The markets are awash in frightening numbers and we’ve got another one to add to the heaping pile: Just 15 percent of board seats at the companies that have gone public this year are held by women. One of the companies that IPOed, California-based pharmaceuticals manufacturer Arcutis, did so with zero female directors, in violation of the state’s new law banning all-male boards.
While several headlines last week trumpeted the excellent news that 2019’s biggest IPOs saw a record increase in the share of women board directors, this year’s numbers — so far — seem to indicate that true momentum on that front has yet to get solid traction.

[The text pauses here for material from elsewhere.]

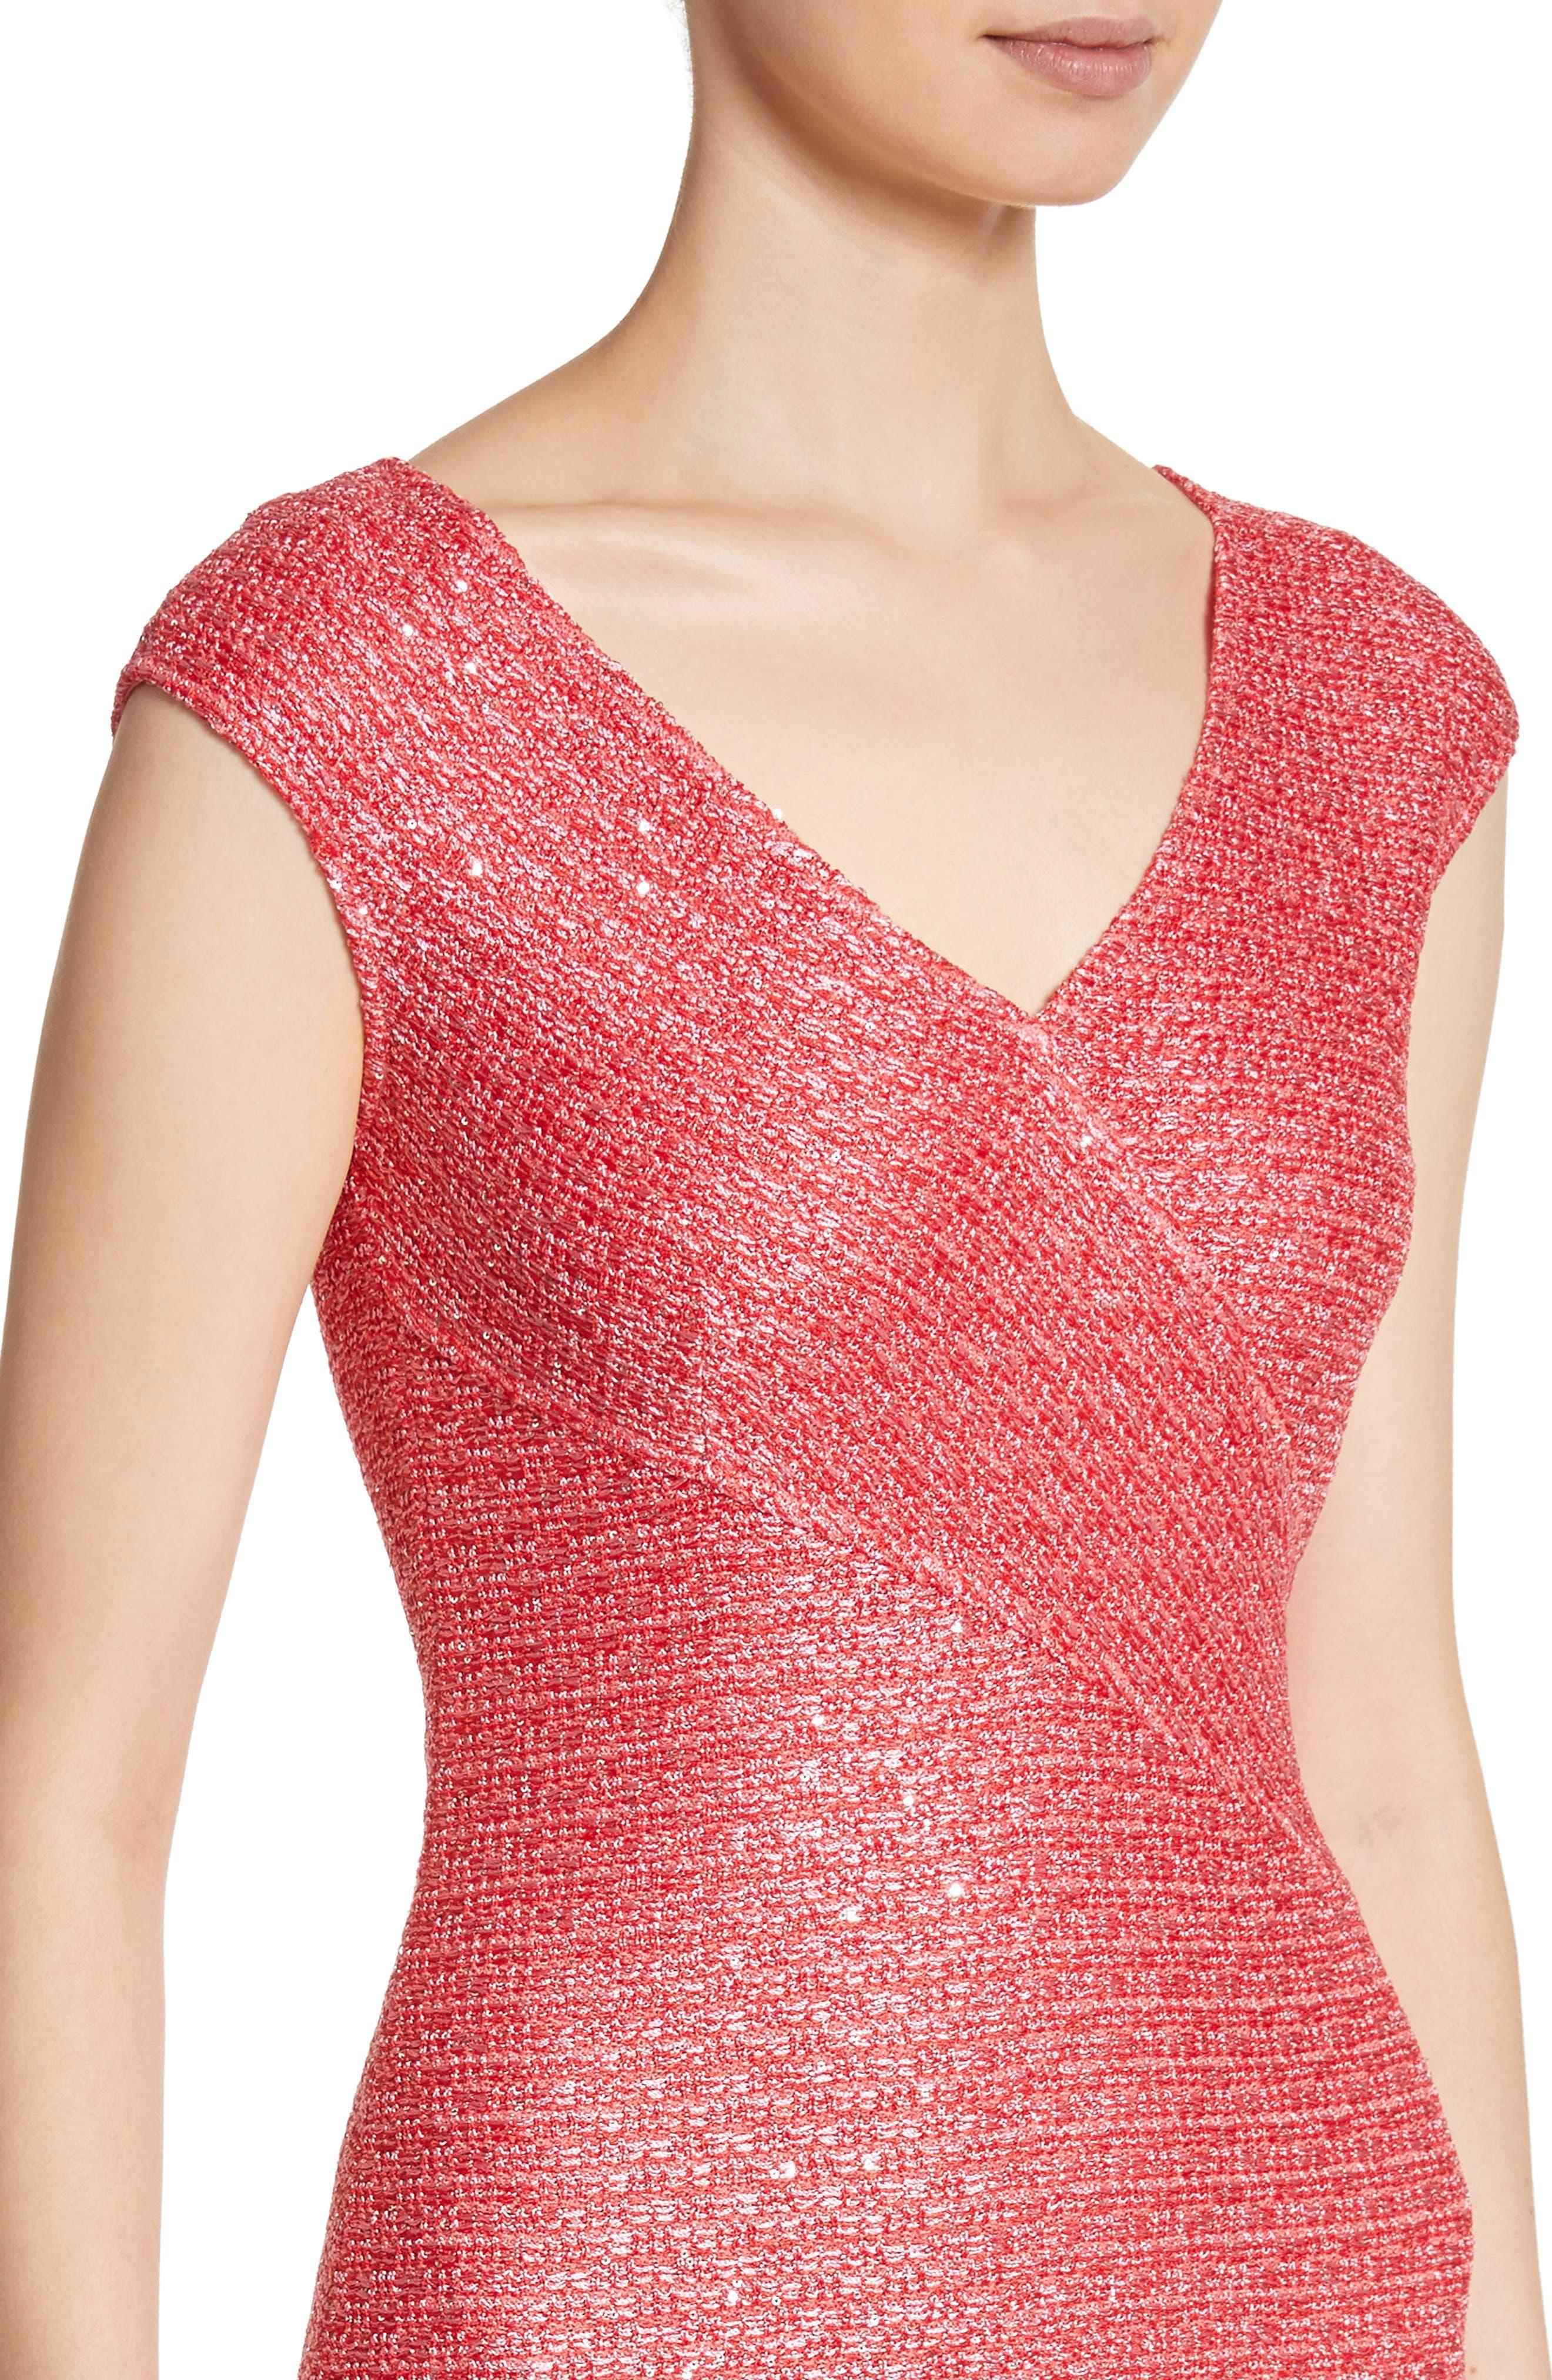 ST. JOHN COLLECTION,                             Hansh Knit Dress,                             Alternate thumbnail 4, color,                             950
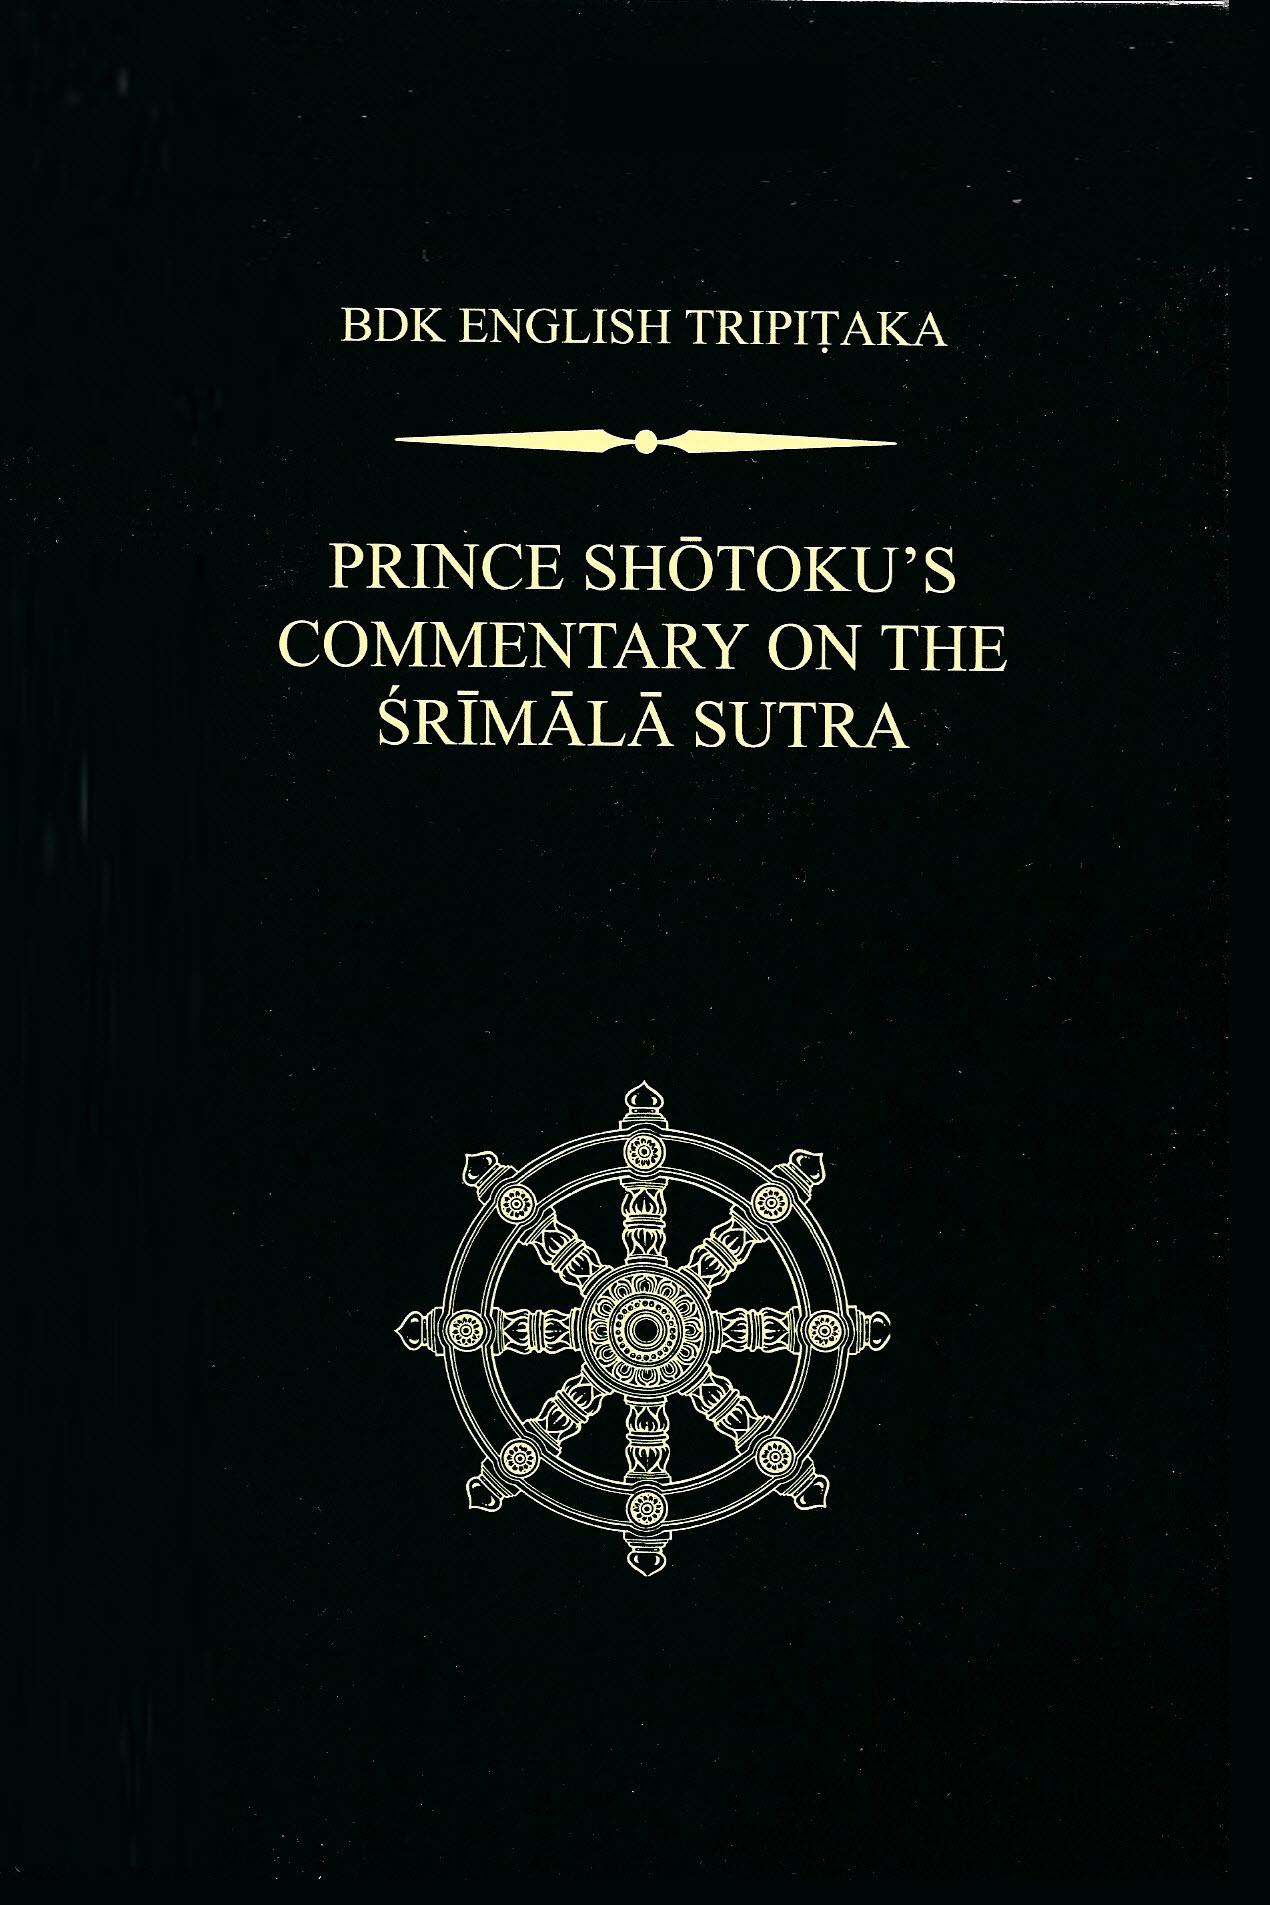 Shotoku's Commentary cover art

Last year, women held 21.9 percent of board seats in the top 25 largest IPOs and just one company, cannabis goods distributor Greenlane, made its public debut with no women directors, according to the nonprofit 2020 Women on Boards. That 21.9 percent number is up from a paltry five-year average of just 10 percent.
These numbers only tally the biggest IPOs so can’t be directly compared to this year’s stats — bigger companies typically have more accountability (though not always!) and therefore better gender representation — but things are surely heading in the wrong direction. And, based on market caps, it’s possible that Arcutis could very well be among this year’s bigger IPOs, and biotech firm PPD, which had just one female board member (making its average 11 percent — see chart below), will almost certainly make the list.
“If we’re not changing how we’re running our boards, nothing changes,” Sheryl O’Loughlin, the founder of theBoardlist — a database of qualified prospective female board directors — recently told the New York Times.
The bad news numbers for this year don’t stop with the 15 percent — there is only one female CEO among the 17 companies that have IPOed and just 20 percent of the executives named in the SEC filings are women. In total, there were six companies that went public with zero women on their boards and four that went public with just one female director. Annovis Bio, the sole company with a woman CEO, Maria Maccecchini, also had the highest percentage of female board members at 40 percent. (Note that our analysis only includes U.S.-based companies and does not include special purpose acquisition companies.)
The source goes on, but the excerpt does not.